Bank of Mexico’s rate decision marked by trade policy pressures, minutes show
The Bank of Mexico’s latest monetary policy decision reflects significant global trade policy uncertainties, leading to a downward revision of the 2025 GDP growth forecast to 0.1%.
Insight
The central bank’s acknowledgment of global trade policy uncertainties, particularly those stemming from U.S. tariffs, underscores the interconnectedness of Mexico’s economy with international trade dynamics. The sharp downgrade in growth projections indicates the substantial impact such external factors can have on domestic economic performance. Despite inflation rates exceeding the target range, the bank anticipates stabilization by Q3 2026, suggesting a cautious optimism. However, the presence of downside risks necessitates vigilant monitoring and potentially adaptive monetary policies to navigate the uncertain economic landscape.
British Virgin Islands, Bolivia Poised to Join Dirty Money List
The British Virgin Islands and Bolivia are expected to be added to the Financial Action Task Force’s (FATF) list of jurisdictions under increased monitoring due to concerns over money laundering.
Insight
Inclusion on the FATF’s “grey list” can have significant ramifications for a country’s financial sector, including increased scrutiny from international investors and potential challenges in accessing global financial markets. For the British Virgin Islands, a renowned offshore financial center, this development could deter foreign investment and prompt regulatory overhauls. Bolivia may face similar pressures to enhance its financial oversight mechanisms. Both jurisdictions will need to implement robust anti-money laundering measures to address the FATF’s concerns and mitigate potential economic repercussions.
Colombia raises taxes on oil, gold amid income shortfall
Colombia has increased taxes on oil and gold sectors to address a significant income shortfall, aiming to bolster fiscal revenues amid economic challenges.
Insight
The decision to hike taxes on key export commodities reflects the government’s urgent need to address fiscal deficits. While this move may provide short-term revenue relief, it could also discourage investment in the oil and gold sectors, potentially impacting long-term economic growth. Balancing immediate fiscal needs with sustainable economic development will be crucial. The government may need to consider complementary measures, such as expenditure rationalization and diversification of the economy, to ensure fiscal stability without compromising growth prospects.

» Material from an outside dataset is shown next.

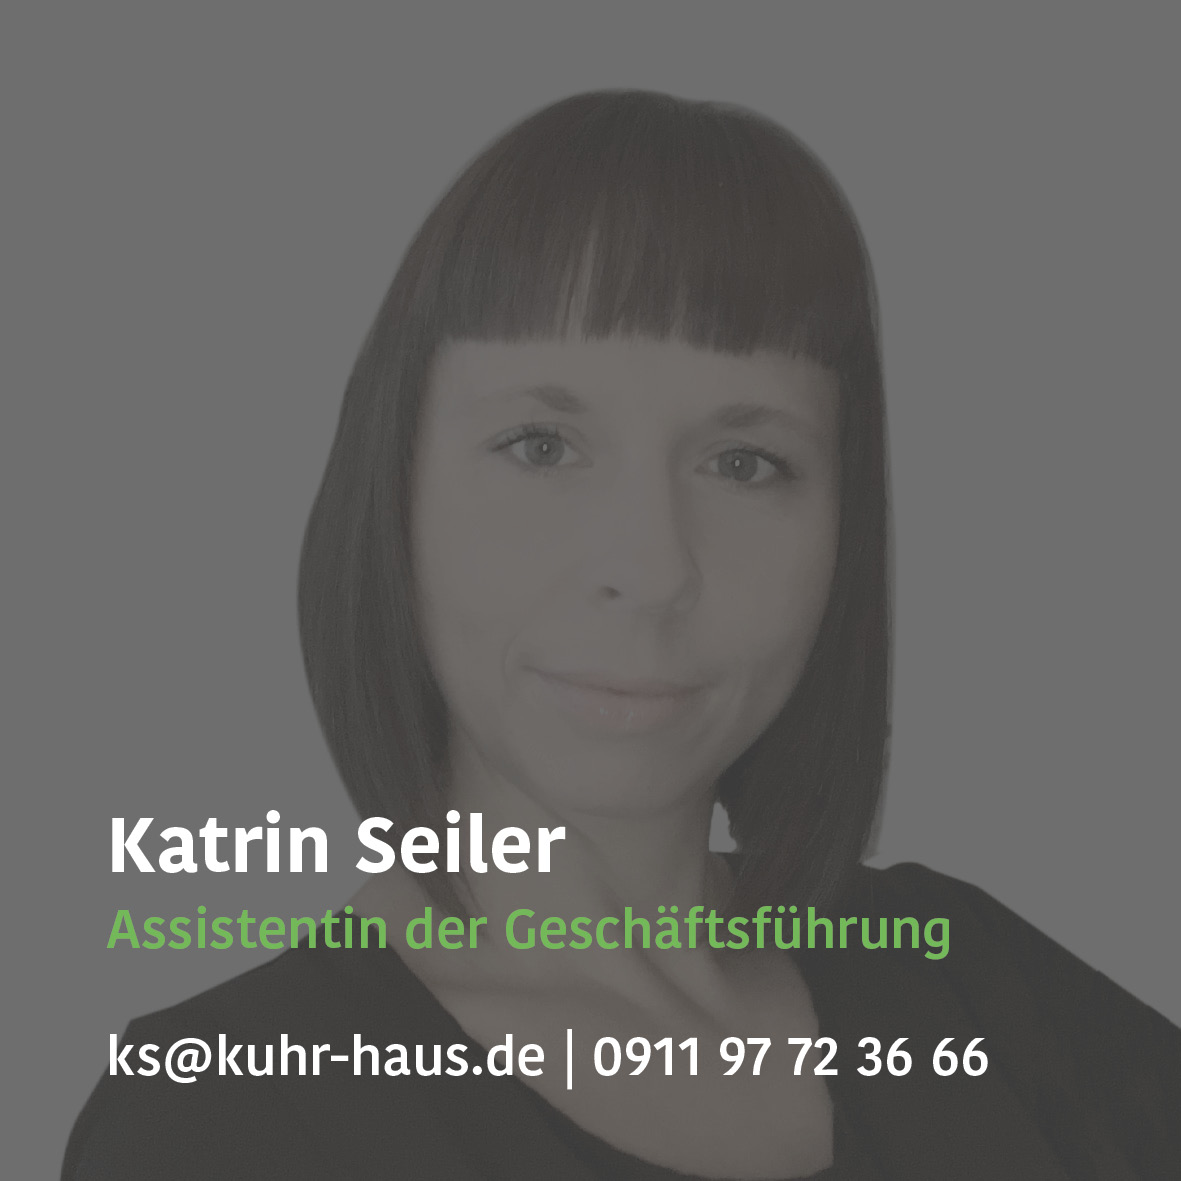 Kuhrhaus_Seiler_kontakt

Economists Are Ever More Gloomy About Colombia’s Fiscal Outlook
Economists have increasingly downgraded Colombia’s fiscal outlook, citing lagging tax revenues and rising expenditures that threaten fiscal stability.
Insight
The persistent downgrades in fiscal projections signal deepening concerns over Colombia’s economic management. Lagging tax revenues, possibly due to subdued economic activity or inefficiencies in tax collection, coupled with rising expenditures, may lead to widening fiscal deficits. This scenario could undermine investor confidence, elevate borrowing costs, and constrain the government’s ability to finance essential services. To restore fiscal health, comprehensive reforms aimed at enhancing revenue generation, controlling expenditures, and stimulating economic growth are imperative.